◆ **Task goal**
Could the data below please be reproduced word for word, without the pictures?

◆ **Exercise data**
——————

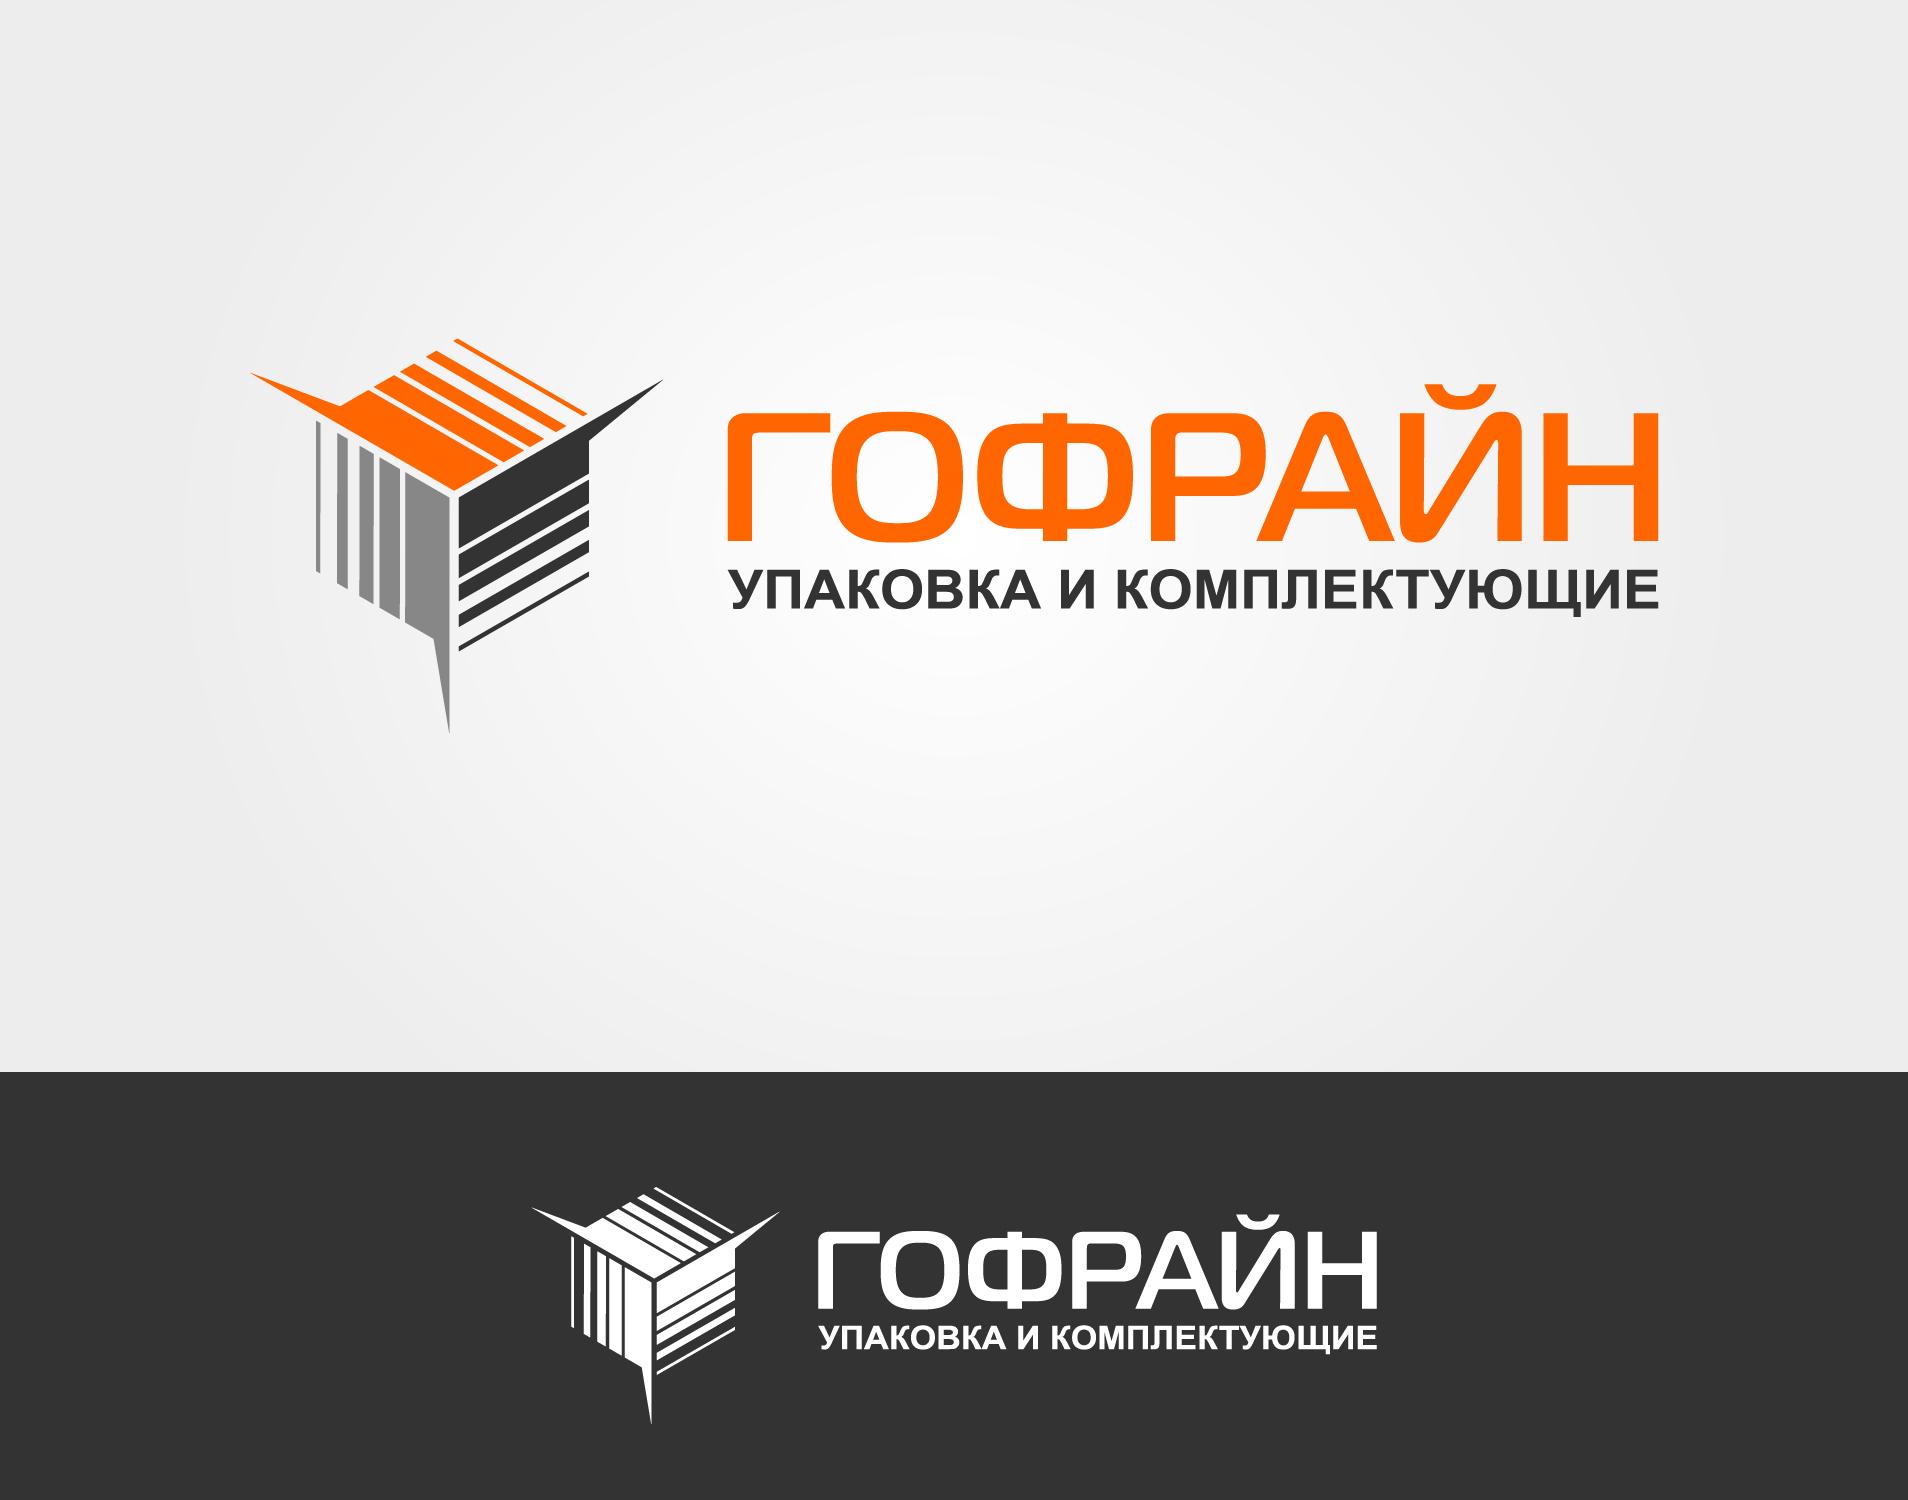 Логотип для компании по реализации упаковки из гофрокартона фото f_4985cdbafe2b50fc.jpg
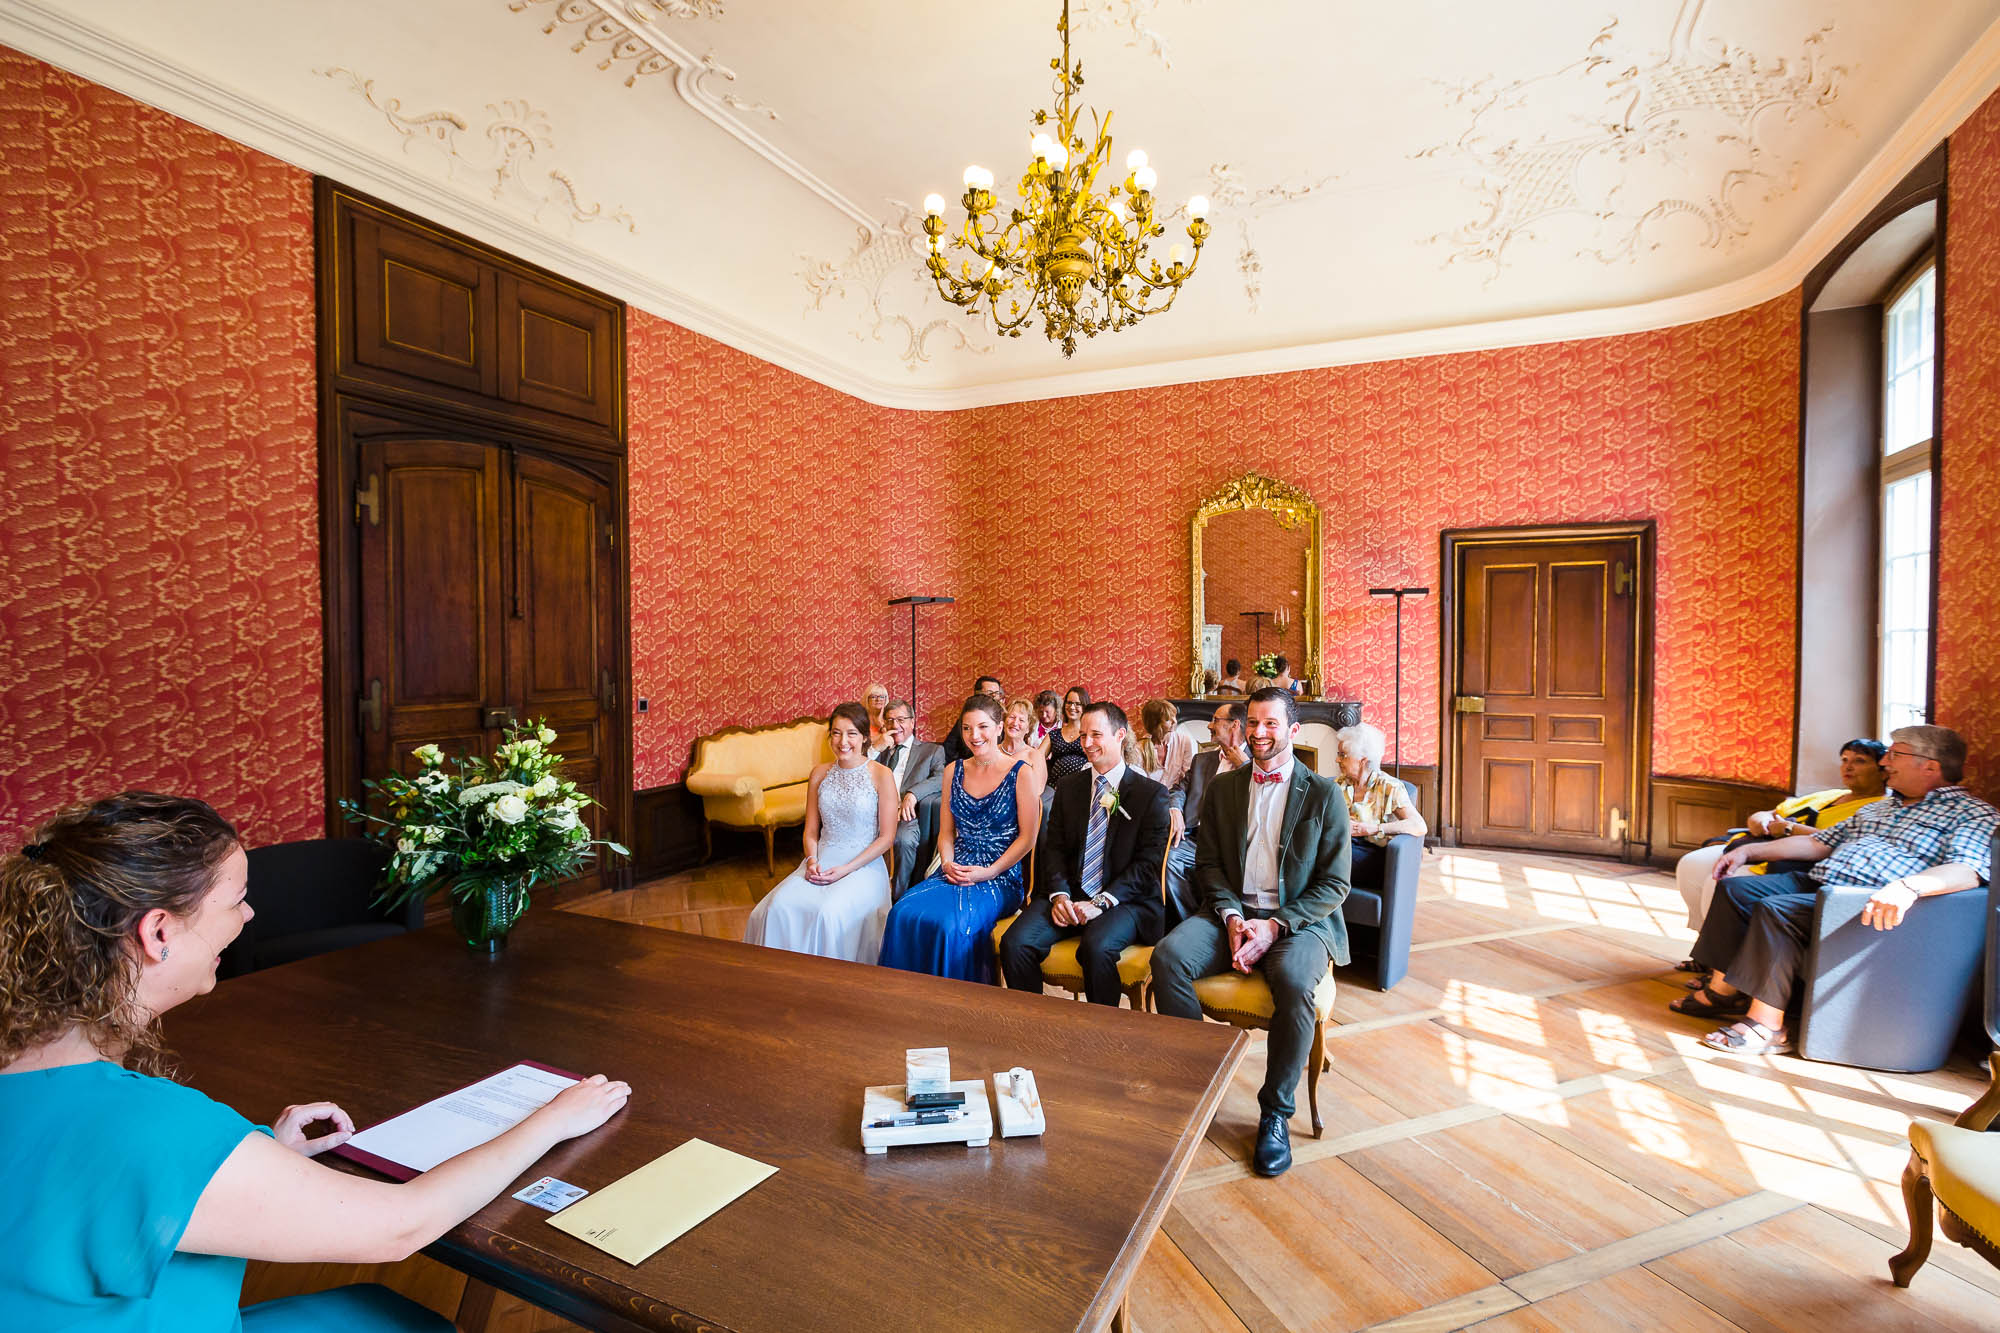 Hochzeitsfotos Bern Bümpliz
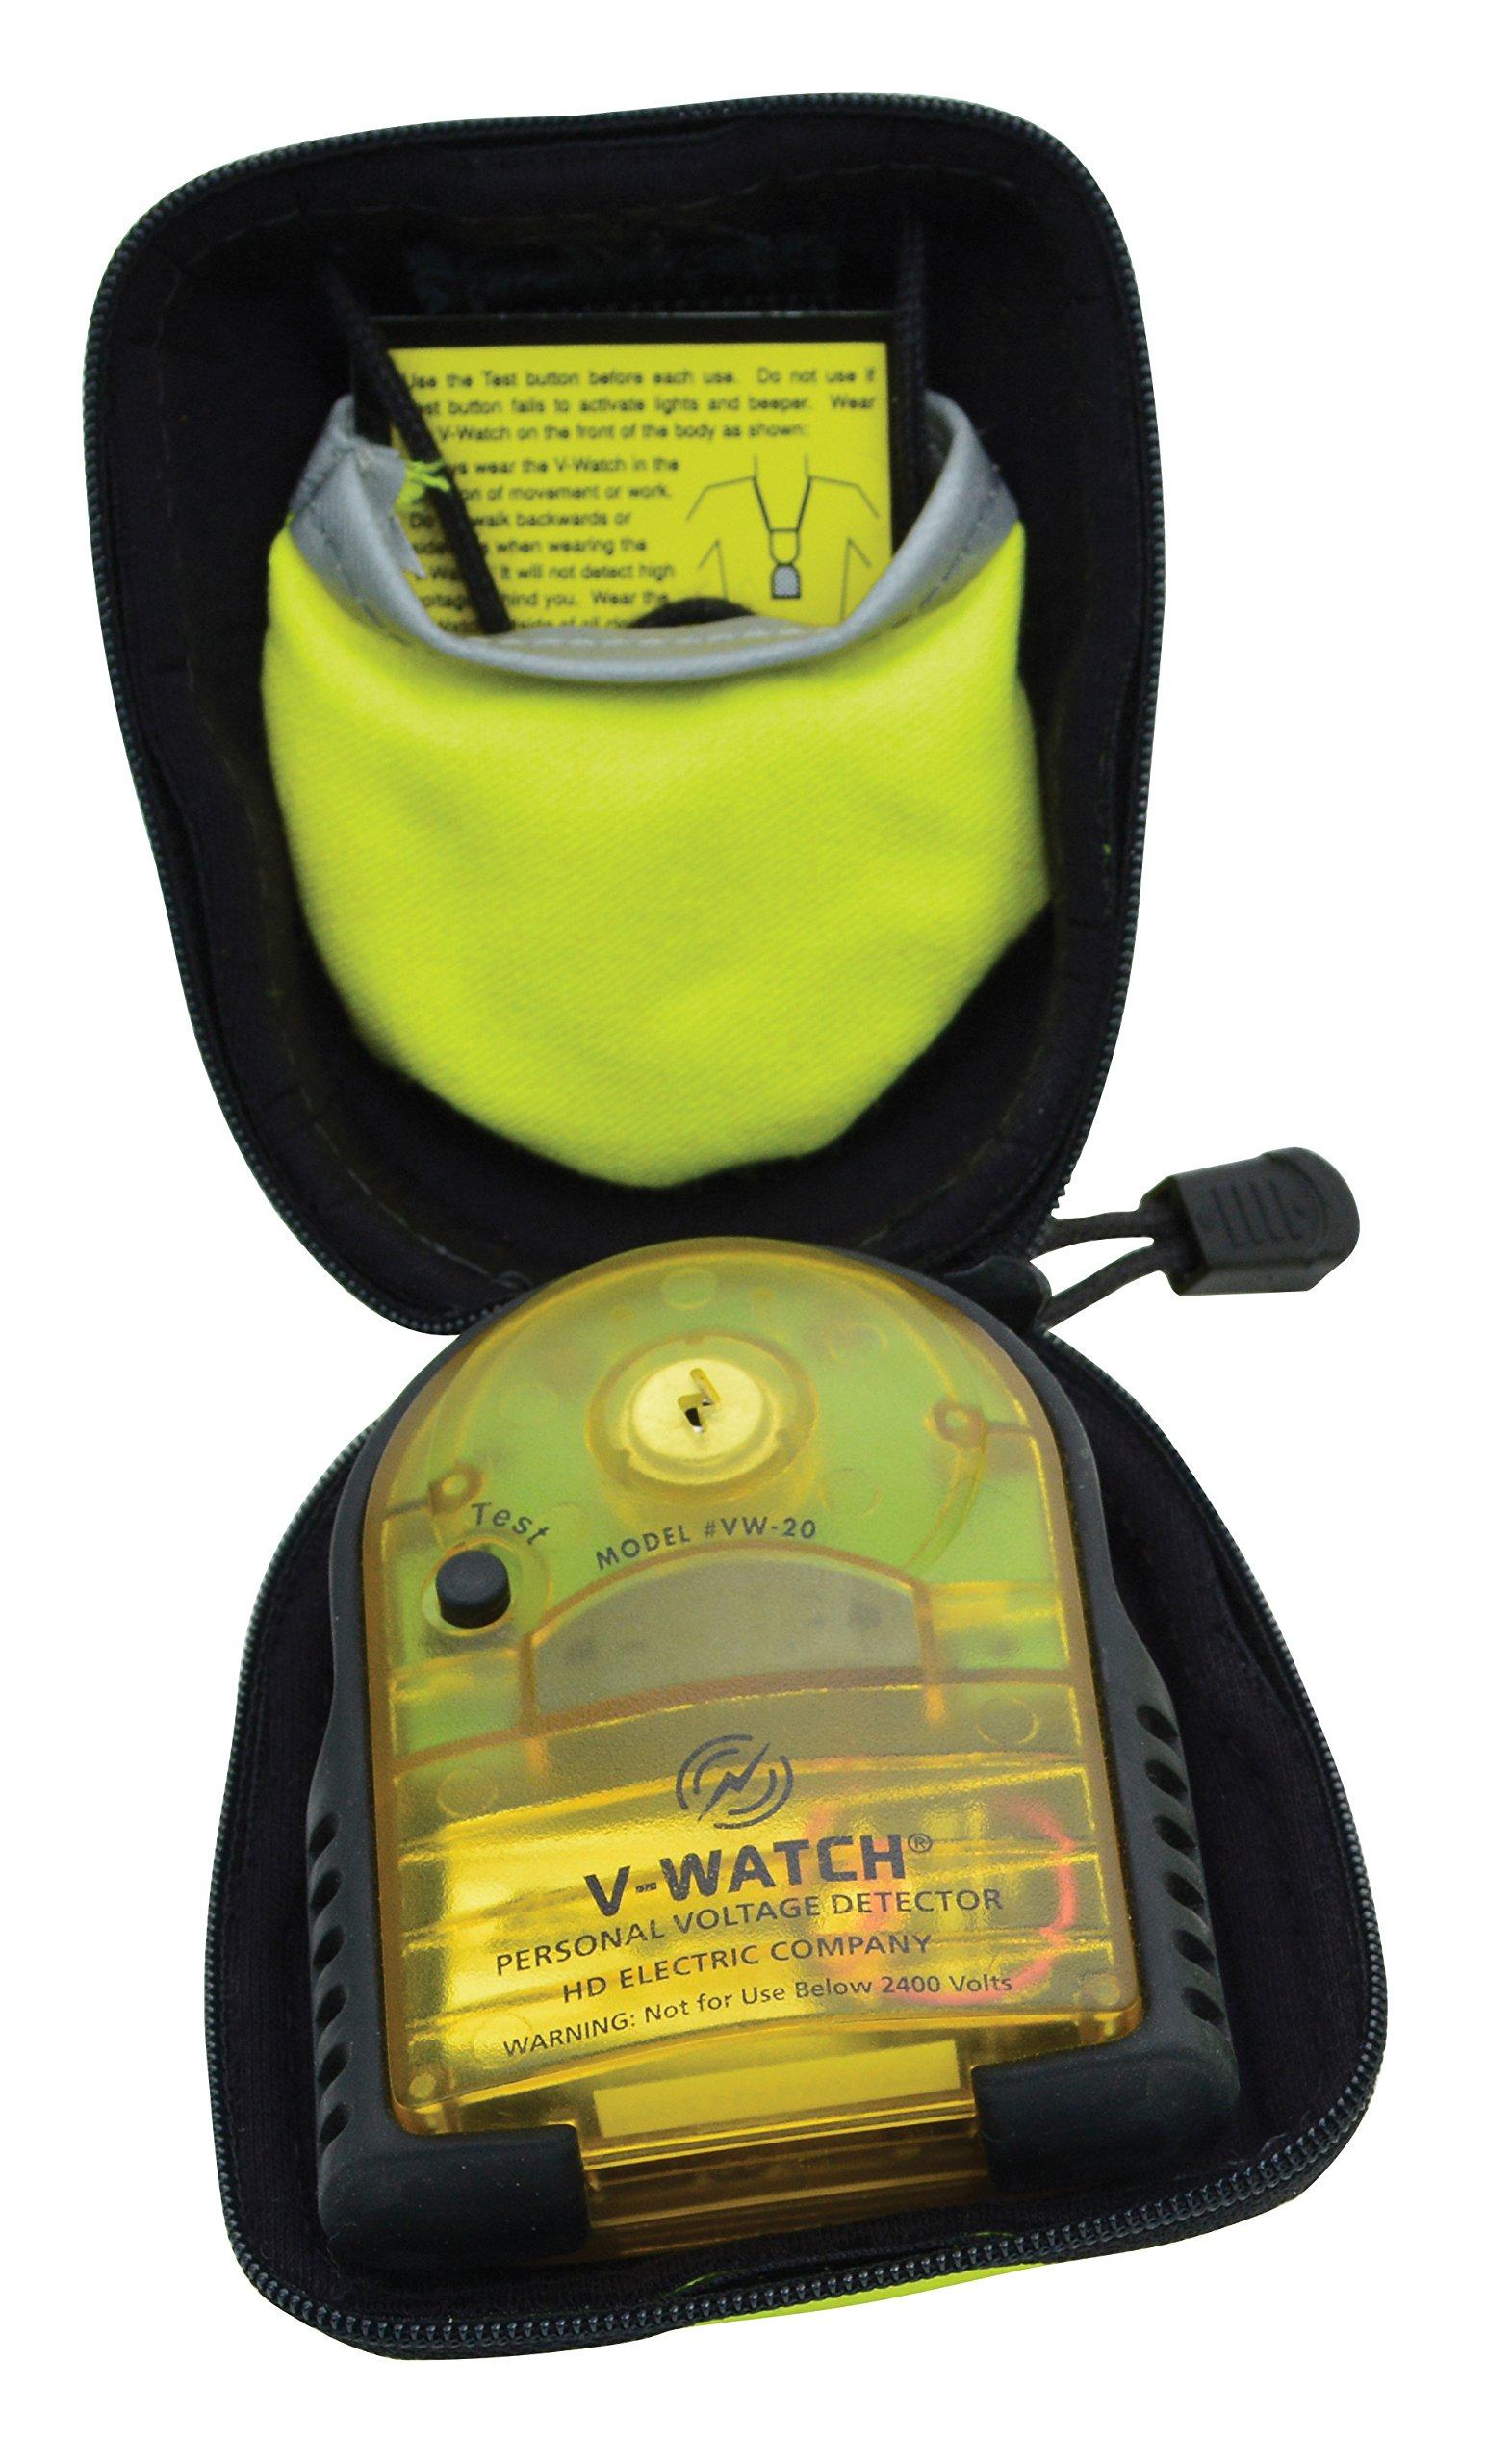 Greenlee VW-20HFR V-Watch Personal Voltage Detector Fr

——————

◆ **Exercise response**
 Логотип для компании по реализации упаковки из гофрокартона фото f_4985cdbafe2b50fc.jpg
 Hochzeitsfotos Bern Bümpliz
 Greenlee VW-20HFR V-Watch Personal Voltage Detector Fr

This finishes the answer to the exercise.